Kamux - Notice to the Annual General Meeting

Kamux - Notice to the Annual General Meeting

PR Newswire

HELSINKI, March 16, 2020

HELSINKI, March 16, 2020 /PRNewswire/ --

Kamux Corporation   Stock Exchange Release   16 March 2020 at 9.30

NOTICE TO THE ANNUAL GENERAL MEETING

Notice is given to the shareholders of Kamux Corporation to the Annual General Meeting held on Tuesday 21 April 2020 at 10 a.m. at Klaus K Hotel Rake Ballroom, at address Erottajankatu 4 C, 00120 Helsinki.

The reception of persons who have registered for the meeting and the distribution of voting tickets will commence at 9 a.m.

Kamux aims to keep its shareholders safe during the coronavirus pandemic.
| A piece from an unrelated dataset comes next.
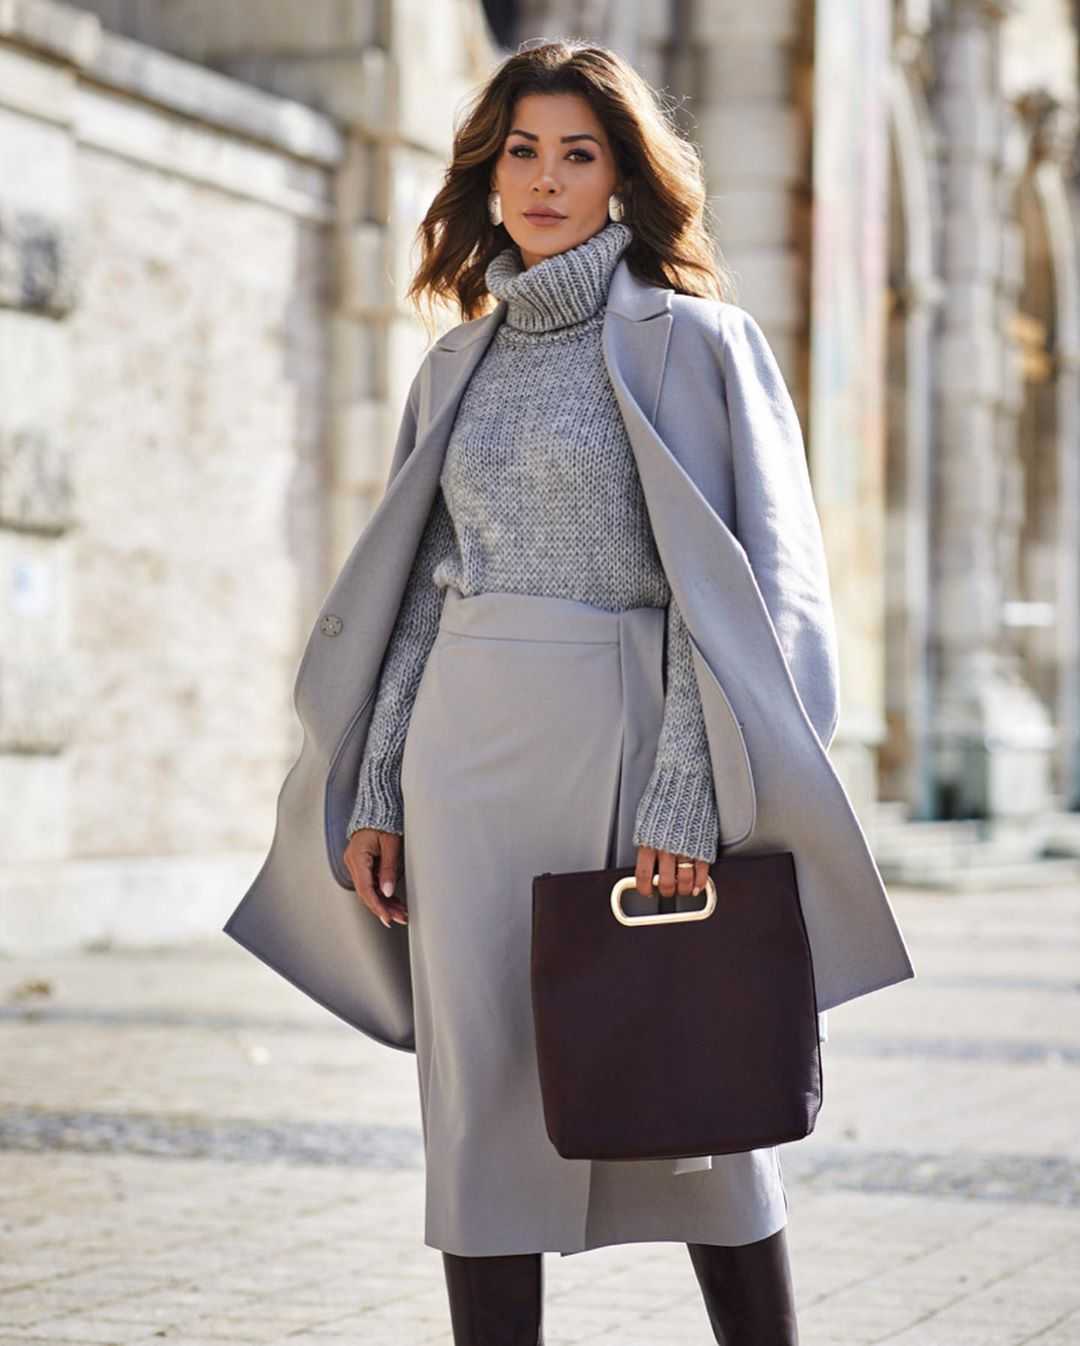 Какие пальто будут в моде весной 2019 года Смотрим обзор последних модных тенденций и новинок Выбираем модное женское пальто на весну 2019 актуальной модели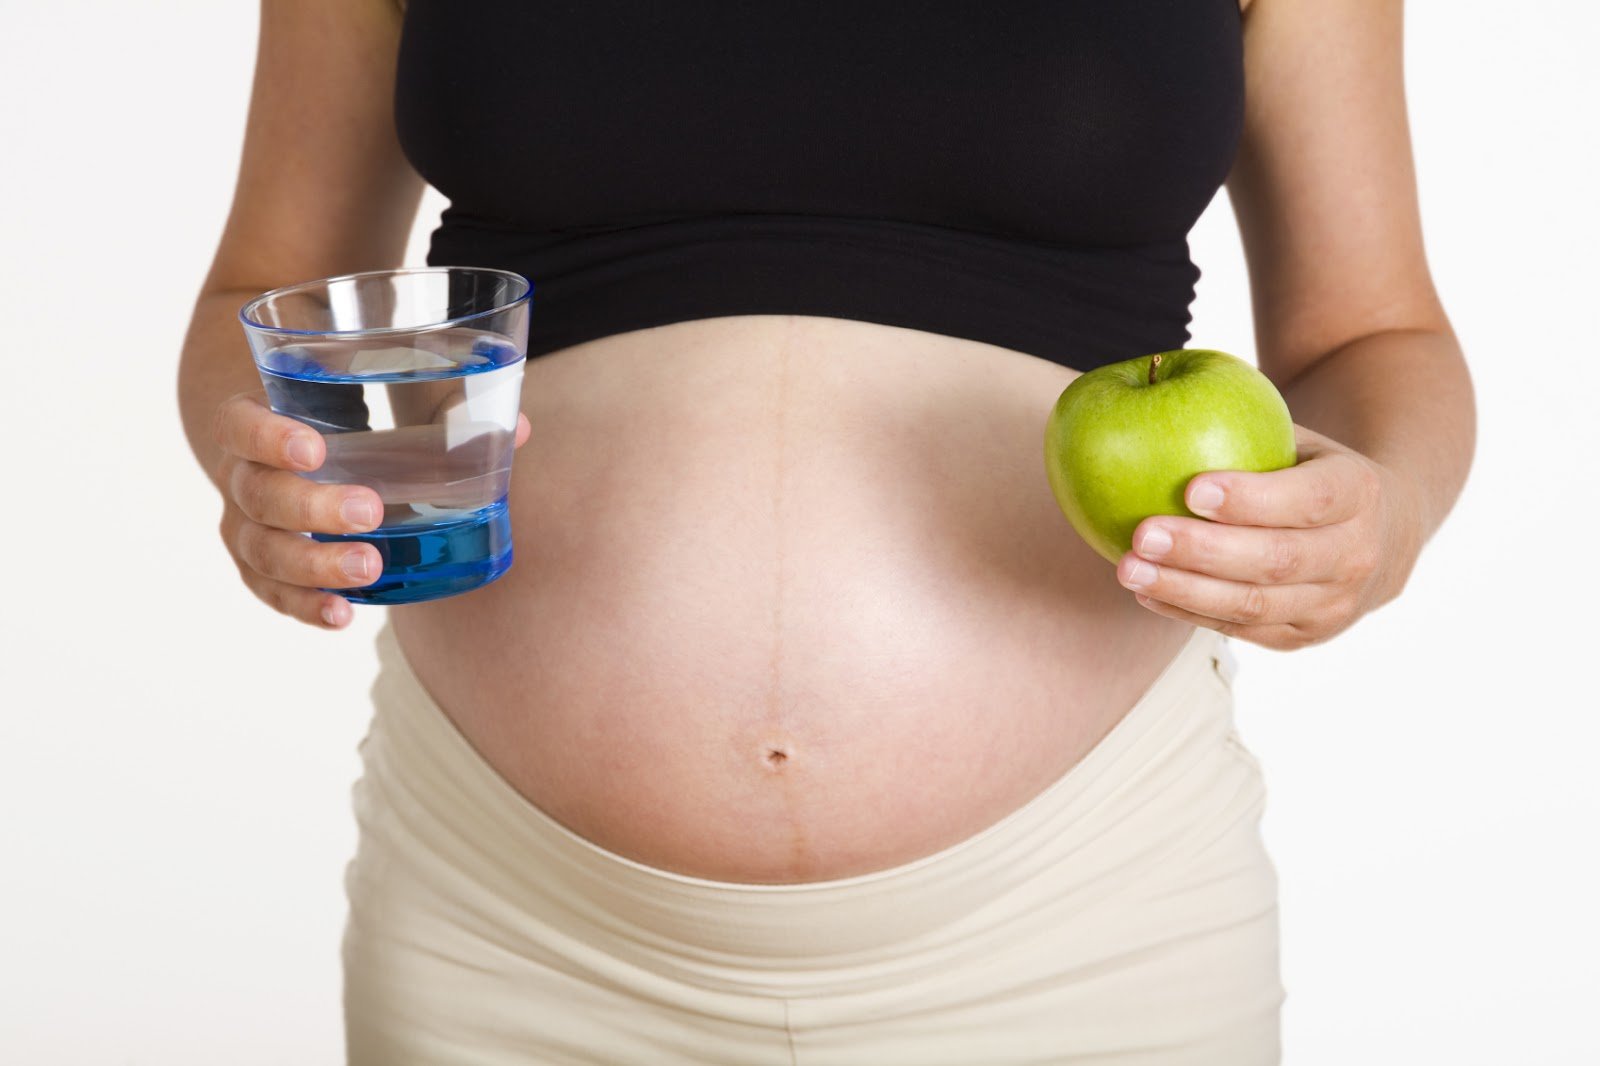 Thiếu nước ối khi mang thai và những điều cần biết

To mitigate the risks in its Annual General Meeting:

In addition, Kamux advises those shareholders who have possibly been exposed to the coronavirus or have symptoms of illness, or who are considered to be part of the risk group, to consider not attending to the meeting venue and authorising another person to represent them at the meeting.

Kamux follows the development of the coronavirus situation and makes updates on https://www.kamux.com/en/corporate-governance/general-meeting/annual-general-meeting-2020/ and/or by stock exchange release about additional information regarding the meeting arrangements if any. The Company kindly asks the participants to follow the Company's website also after the registration.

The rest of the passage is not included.